De poëzie kan ons redden..
Zoals bedompte en slechte lucht je luchtwegen aantast, zo kan een ‘taalmilieu’ je enorm beïnvloeden. Ik kom uit een milieu met veel ‘gesloten’ taalgebruik. Dat is het taalgebruik van de gebruiksaanwijzing. Als je dit doet, gebeurt er dat. Gesloten verhalen maken de luisteraar passief. Er gaat geen uitnodiging vanuit om deel te nemen. Er zit iets dwingends in het verhaal. De betekenissen zijn helder, de werkelijkheid eenduidig. Ik leg het nog één keer uit. Toen ik na de middelbare school op de lerarenopleiding Nederlands ging studeren, ging er een nieuwe taalwereld voor me open. Opeens was daar de wereld van de poëzie. Woorden dienden niet alleen om mijn wereld te definiëren maar om mijn eigen ambigue werkelijkheid te ontsluiten. Iets in mij wilde niet vastgelegd worden. Nog steeds. De Poolse dichter Czeslaw Milosz zegt dat zo mooi:
De poëzie heeft tot doel ons eraan te herinneren
hoe moeilijk het is slechts één persoon te blijven,
want ons huis staat altijd open,
er zitten geen sleutels op de deur
en onzichtbare gasten komen en gaan naar goeddunken
Je hebt taal die dwingt en taal die je in de ruimte zet. Open taal. Het is de taal van het zoeken, het niet-weten, het onaffe. Het lijkt alsof de toenemende complexiteit van onze wereld gesloten verhalen oproept, verhalen die ons in één systeem trachten te proppen: ‘De mensen in dit land zijn het spuugzat’. De en dit. Opeens behoor ik bij een groep. Het is, ervaar ik zelf ook, ontzettend moeilijk om in een crisis en in een sfeer van tegenstellingen hier niet aan toe te geven. De boosdoener zit aan de andere kant, niet in mij. Heldere tegenstellingen geven ‘cognitief gemak’. Ik beweeg me uit de complexiteit, begrijp mijn wereld weer en kom in actie. Dat geeft een directe beloning in de vorm van een fijn gevoel. Liever actie dan die eeuwige twijfel.

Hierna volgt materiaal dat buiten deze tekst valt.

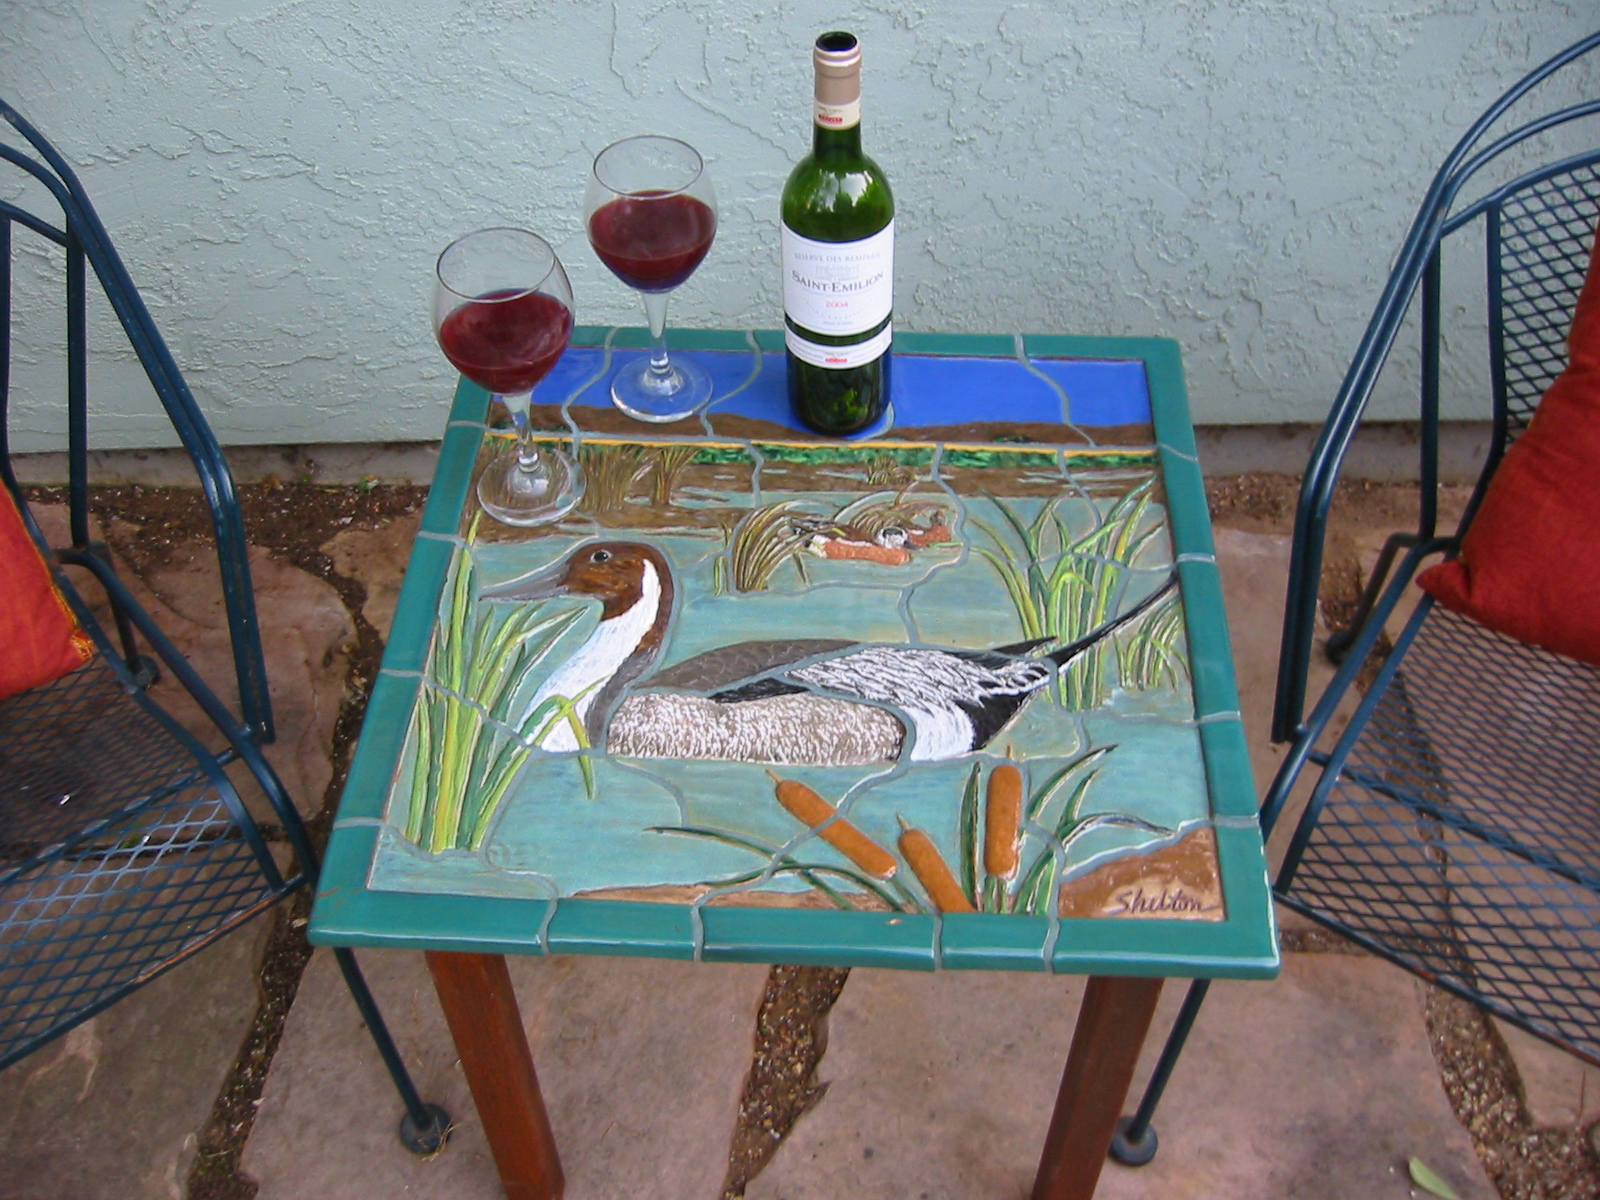 Carved Ceramic Table with Pintail Duck Design

Het is die buigen-of-barsten–taal die als ongezonde lucht de talkshows en vergaderingen binnenstroomt en waarmee we ons een te grote broek aanmeten. Er gaat een illusie van controle van uit. Ook ik neig daar weer naar, nu ik hier mijn punt probeer te maken. In werkelijkheid geven woorden ons niet zo’n grote grip op de werkelijkheid als we zouden willen. De Australisch dichter Les Murray vat de spanning mooi samen:
Nothing ’s said till it’s dreamed out in words
And nothing ’s true that figures in words only
En daarom kan de poëzie ons redden. Omdat zij een open taal heeft en de leegte niet zo snel mogelijk wil vullen. Ze is als de muze. In mijn huis vol woorden sluipt zij op kousenvoeten binnen. Net als ik het allemaal denk te begrijpen, begint zij aan een tergend langzame striptease. Gewaad na gewaad valt zachtjes op de grond. Maar ik krijg niet wat ik wens. Wat zij onthult is alleen maar mijn verlangen.